Contingencies that may prevent President Trump from being elected to a second term are that the Democrats nominate Senator Biden or Mayor Bloomberg, with Biden winning by a much more comfortable margin and Bloomberg eking it out barely in a slug fest of who can depress voters the least. Sanders, Warren, and Buttigieg all aren’t showing strong enough against Trump in the key battleground states to take him on their own.

Other contingencies are a sharp-recession (very unlikely in the time left) or a brief war of significant consequence (I’m eyeing you North Korea or Iran) or some unexpected outcome of Impeachment which hinges on approving a secret ballot or Chief Justice Roberts using his position to tilt public perception. (Both of these are unlikely though.) In either of these I think Biden, Bloomberg and Sanders emerge as more clear winners, though Warren and Buttigieg would still struggle (unless the contingency is a war and Buttigieg can play the military veteran card.)
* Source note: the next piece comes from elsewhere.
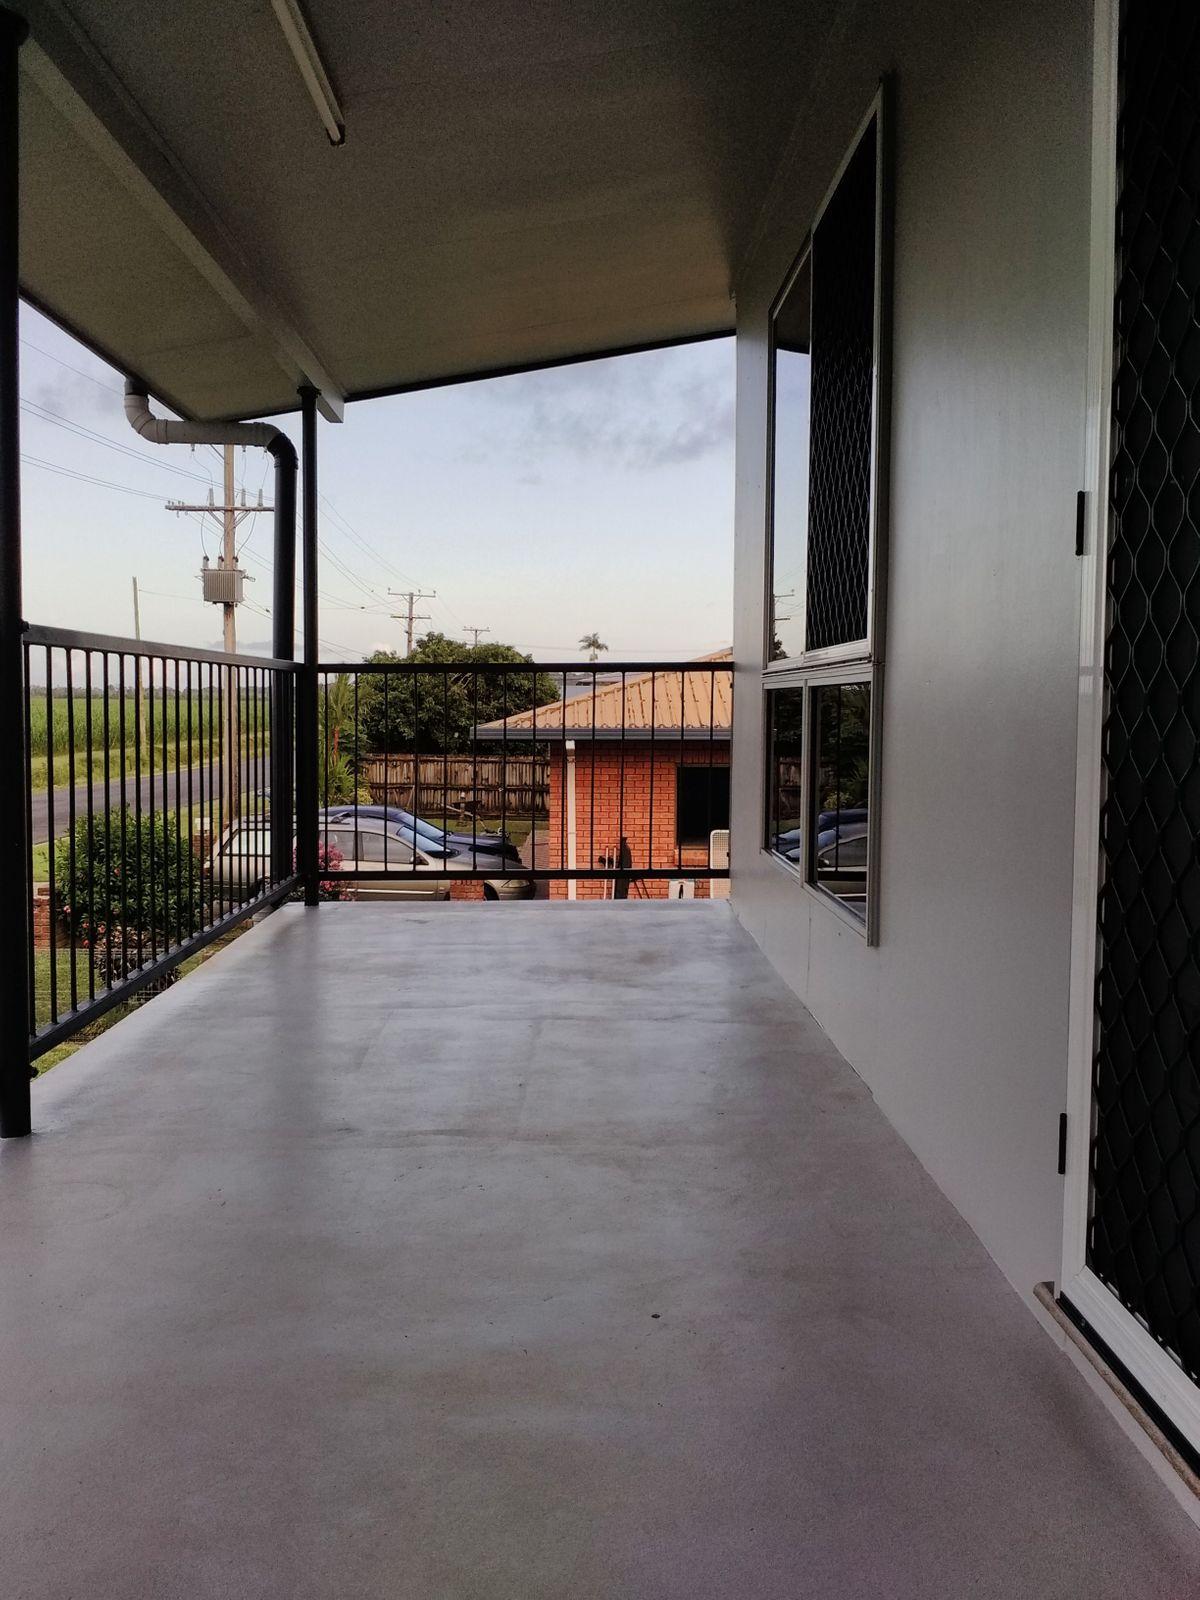 2 Aluart Road, Innisfail Estate, QLD 4860

The final, and most predictable contingency is to engineer a Federal shut down over the summer heading into the fall. The President would leap to take credit, as he did before, and drop 5 points heading into the general. In that scenario the Democrats could nominate a ham sandwich and still win.

This forecast, absent contingencies, means a second-term President Trump immediately faced with a hostile Congress from day one and that means he’s effectively done. Either he plays nice and confines himself or, in a “payback is a bitch” move, Speaker Pelosi holds off sending impeachment charges to the Senate until after the election. Like the Senate held off on confirming Merrick until President Obama was out of office.

It’s completely within the power of Speaker Pelosi to do it – though that runs huge risks in popular backlash. (But note that Republican Senators didn’t pay the price and as I noted above Trump has no tail to help individual candidates running in the Senate against this…and he can only “win” the Presidency once in that election.)

The payoff of course is the impeachment charges are filed with a friendly Senate as soon as they are sworn in and it’s a question of Trump even making it to inauguration before he’s removed from office, censured.